At its core, what is prop trading? It’s straightforward: you trade with firm capital instead of your own. If you make money, you keep a share of the profits and the proprietary trading firm takes the rest. The model started on Wall Street but in recent years has moved online, making it accessible to retail prop traders worldwide.
The most common setup is the prop firm challenge. Traders pay a fee, aim for profit targets, and must stay within strict drawdown limits. Passing earns you a funded account, failing means starting over. These challenges are meant to weed out reckless traders, though many skilled ones see them as a barrier.
Instant funded prop firms has become the alternative. Instead of grinding through weeks of testing, traders can start with live capital right away. While crypto props popularized this model, some forex firms now offer it too. At the same time,
crypto prop trading firms like Mubite don’t only stick to instant funding. Many also provide one-step and two-step challenges for traders who want a structured path to scaling.

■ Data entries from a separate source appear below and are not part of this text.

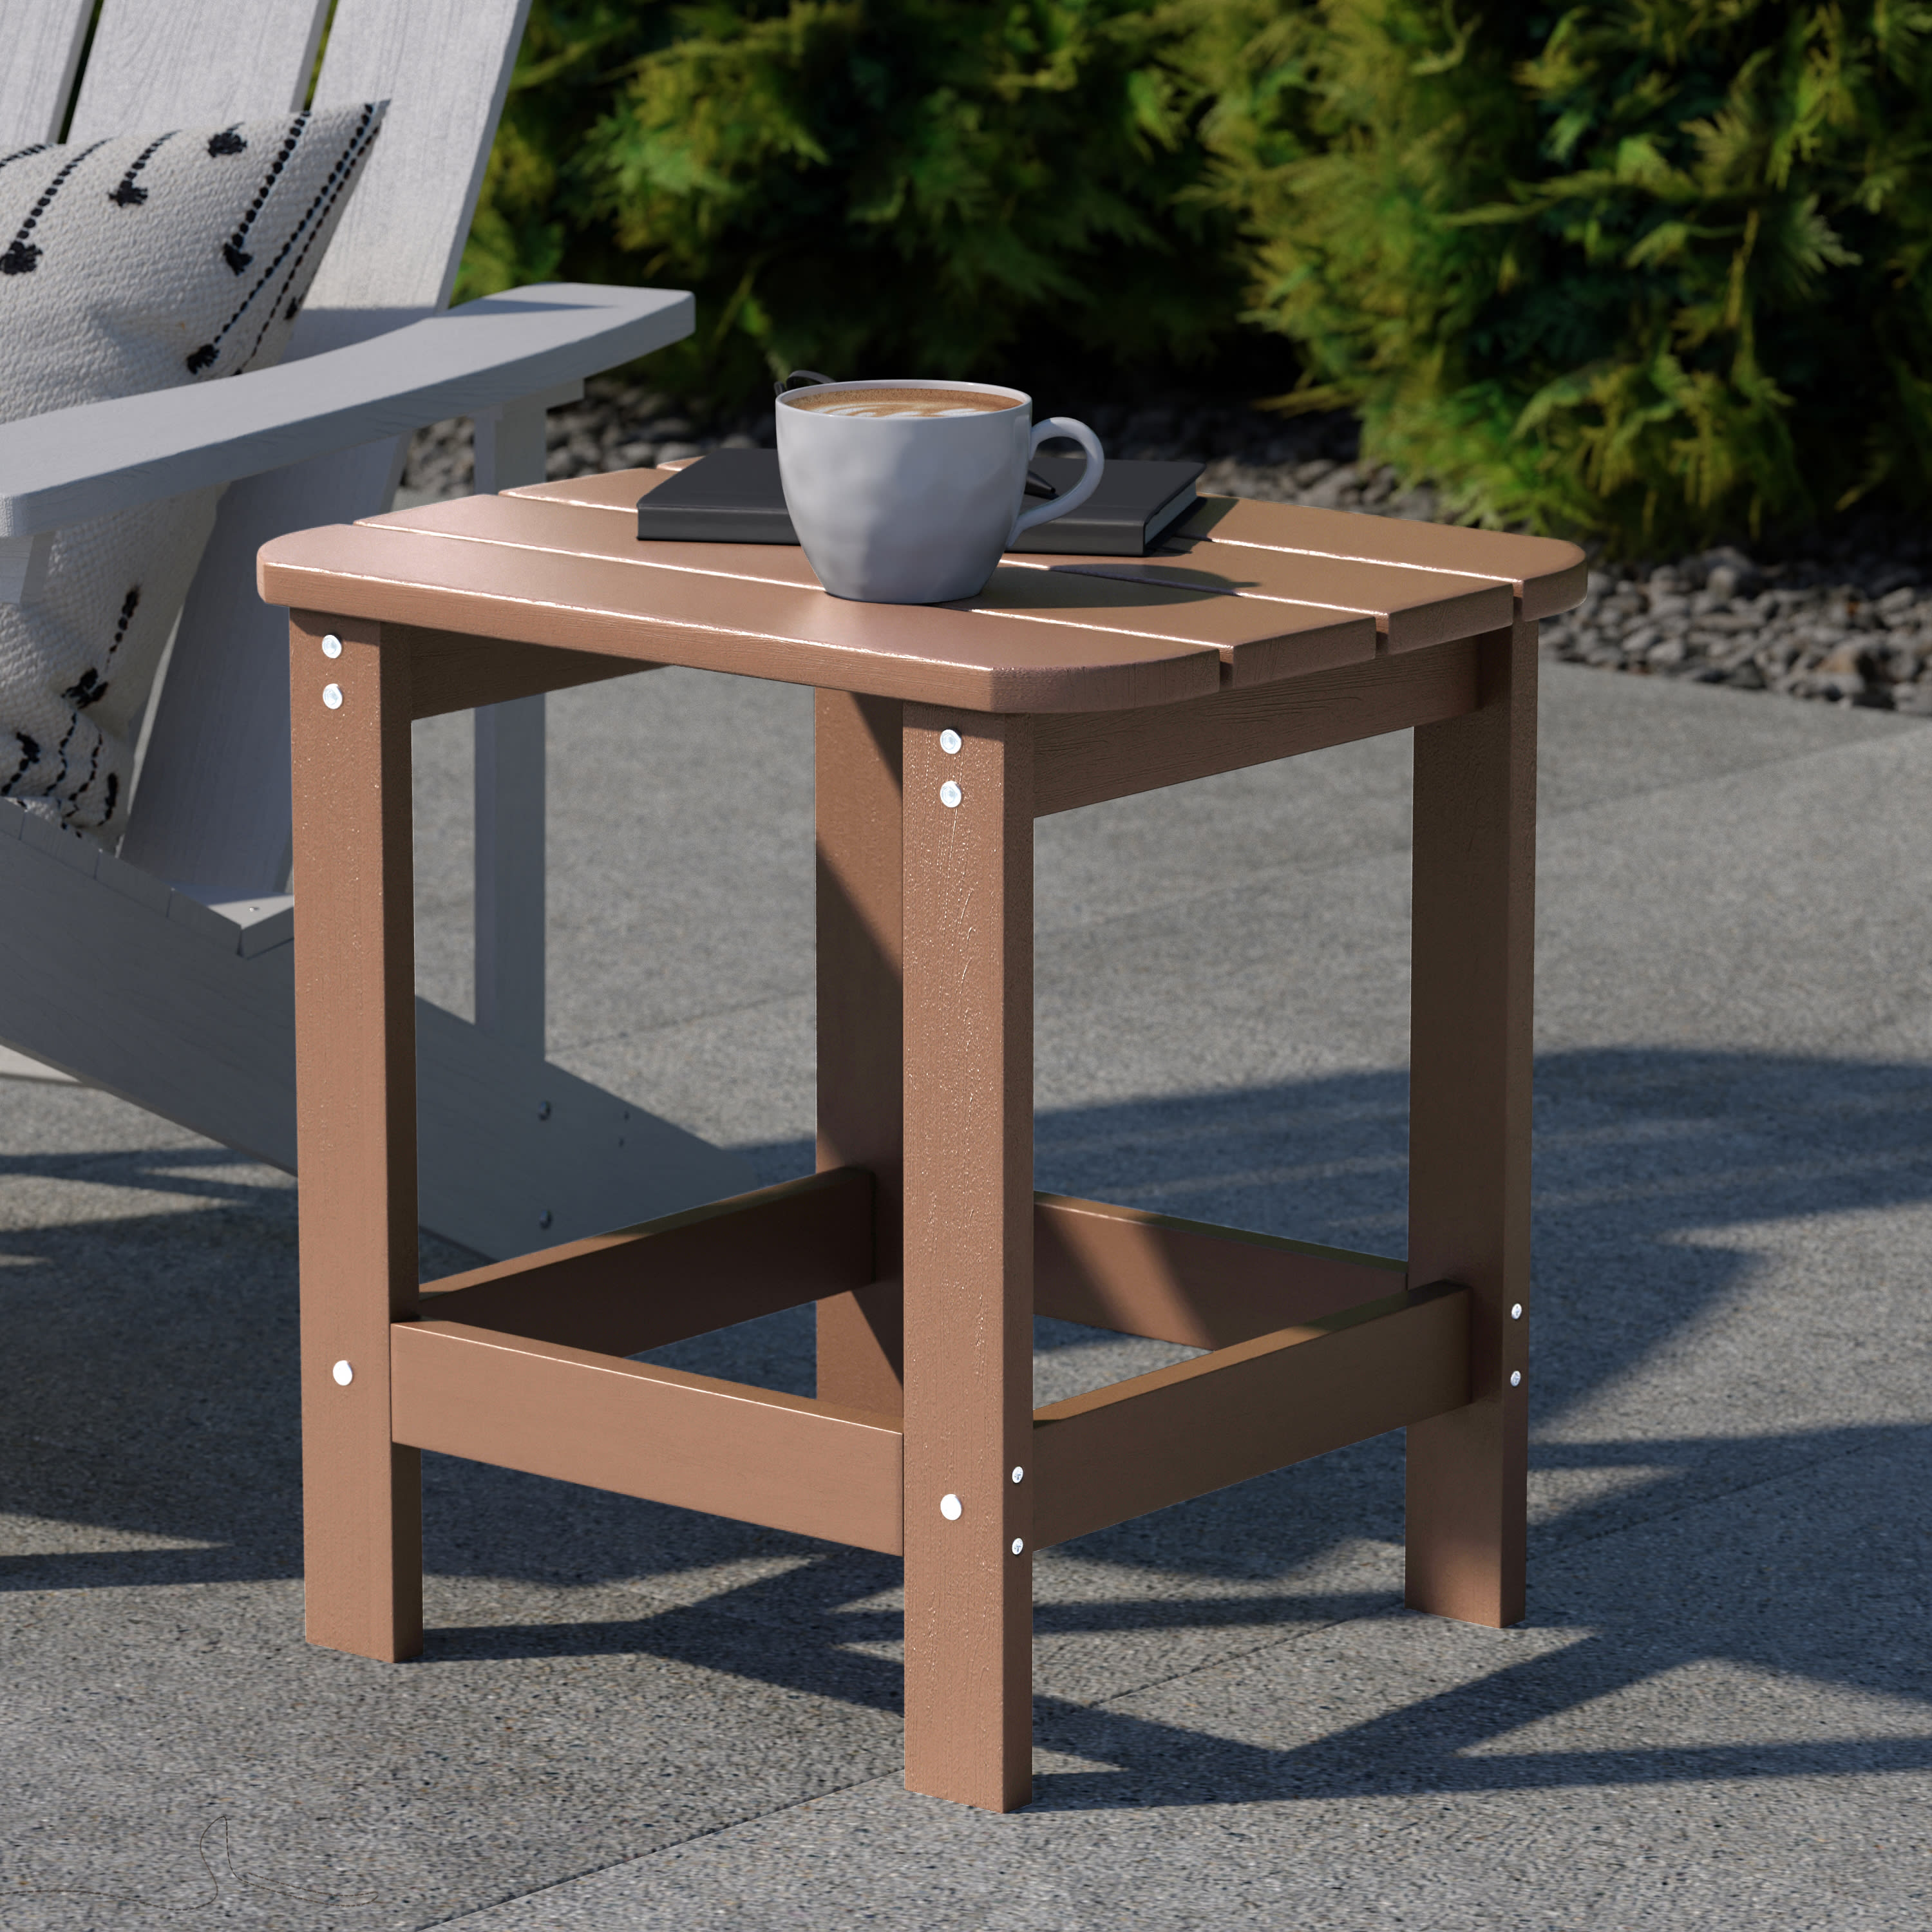 Flash Furniture Charlestown All-Weather Poly Resin Wood Commercial Grade Adirondack Side Table in Natural Cedar - image 2 of 11
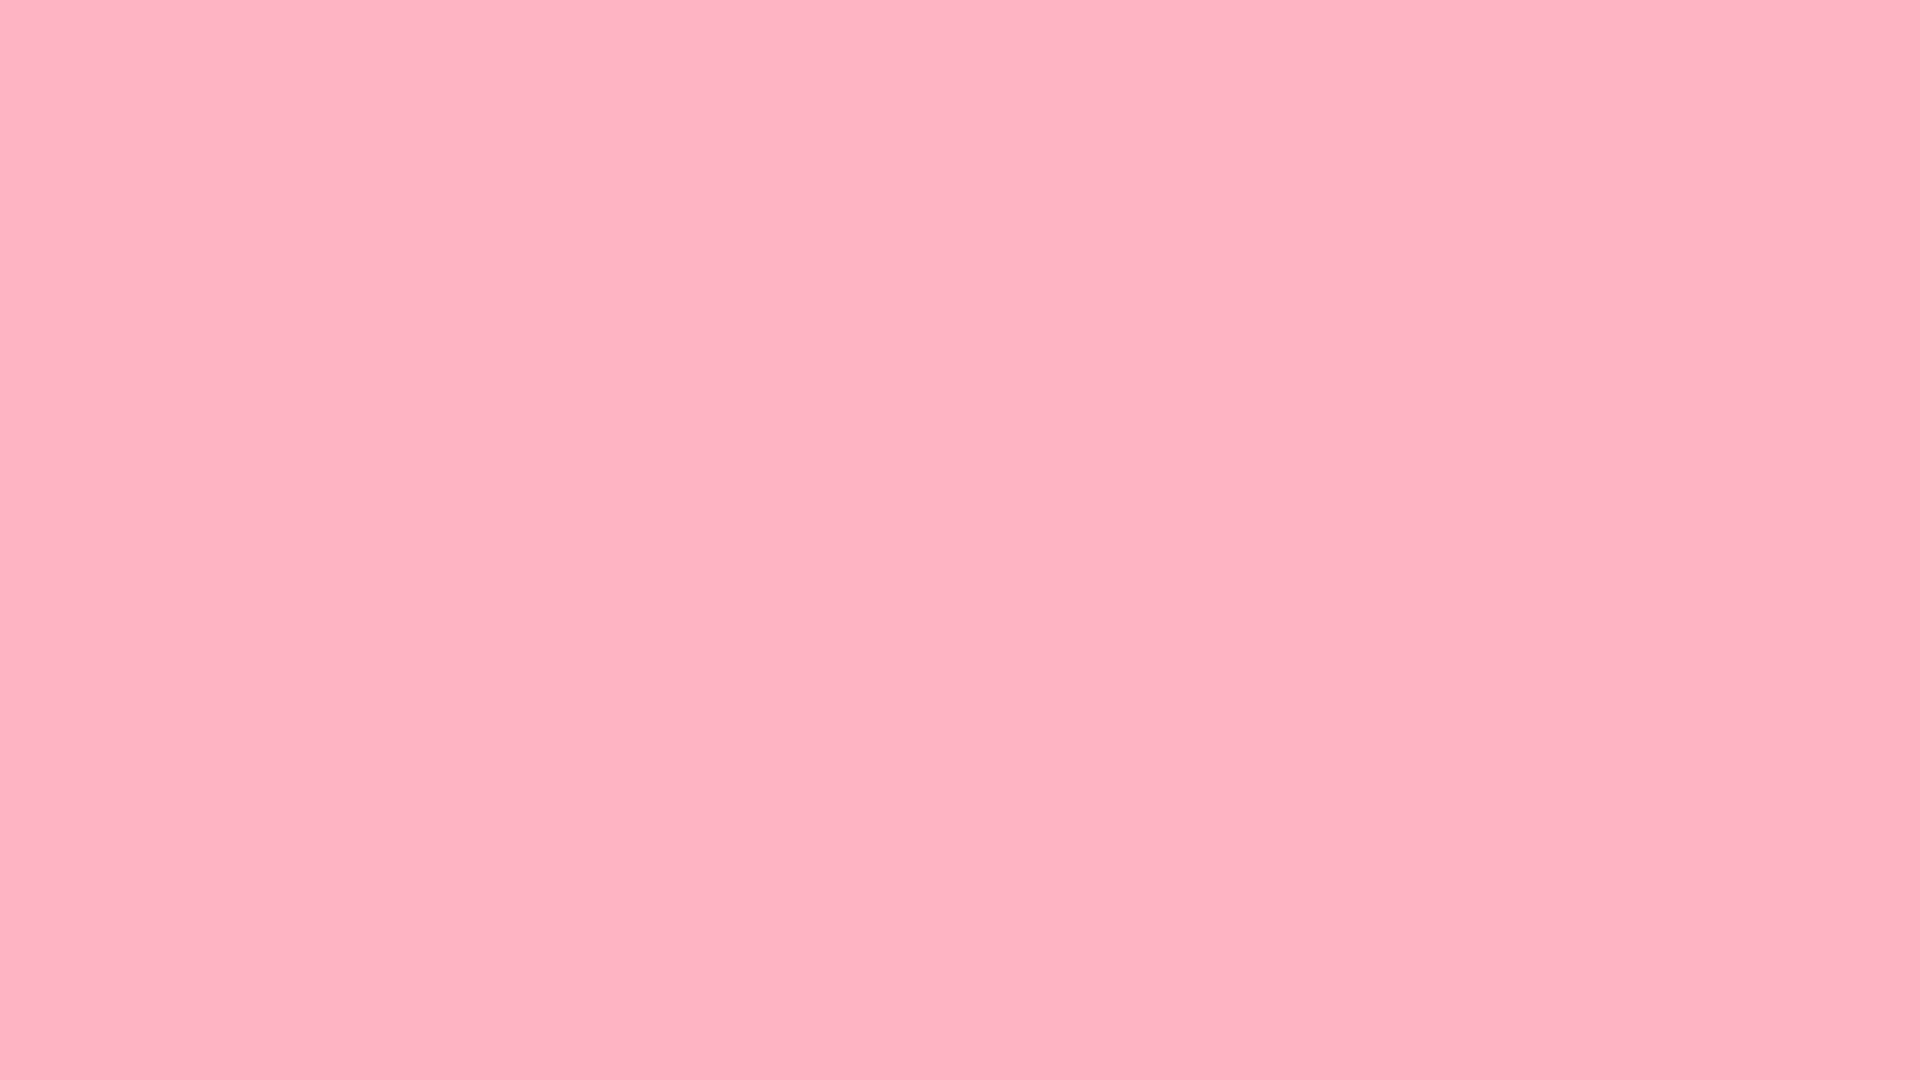 A pink background with a teddy bear and polka-dotted ribbon.
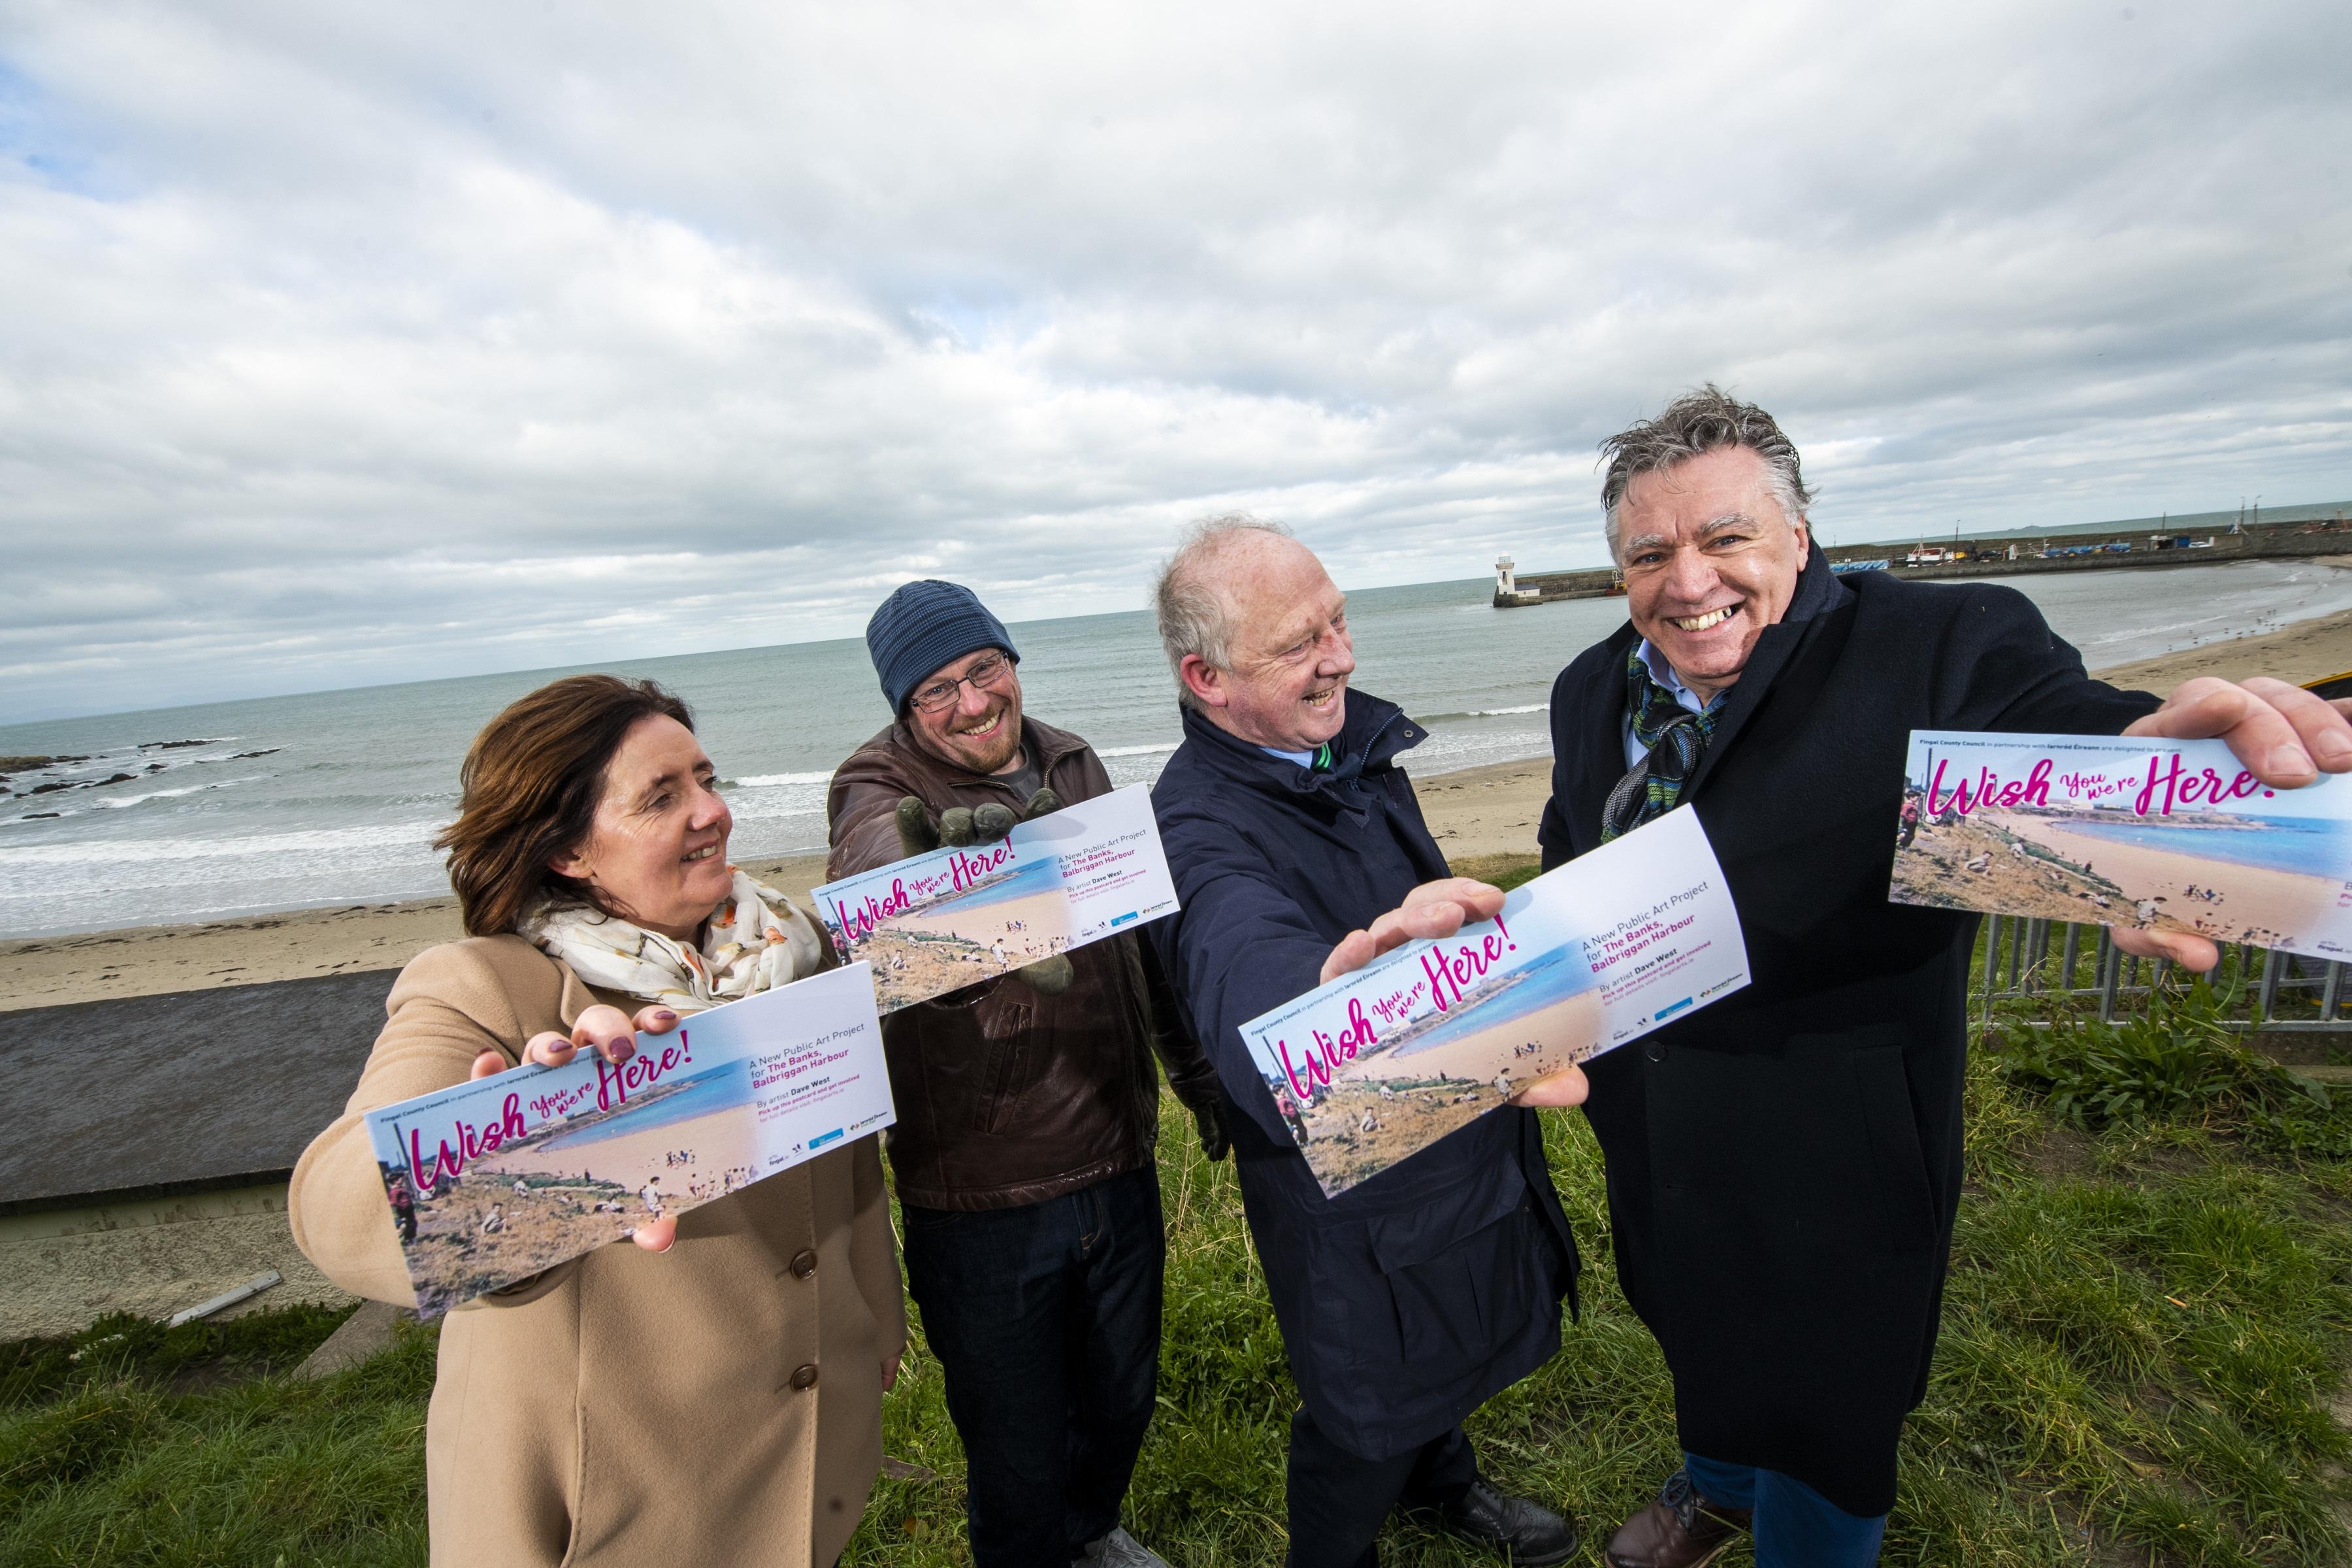 Councillors Launch of Wish you were here Dave West Balbriggan

Every model includes rules to protect the firm’s money: limits on daily losses, maximum drawdown, and sometimes consistency requirements. Payouts are usually split 70/30 to 90/10 in favor of the trader. Payment timing depends on the firm. Forex props often pay monthly or bi-weekly, while crypto props process withdrawals faster, sometimes within days.
Platforms reflect the market being traded. Forex props usually run on MT4 or MT5 with trading
indicators strategies. Crypto prop trading firms connect directly to exchanges like
Bybit, Binance, OKX. Dashboards track performance in real time, so
the funded trader can see exactly where they stand. The structure a firm chooses determines how quickly you get capital and how much flexibility you have once funded.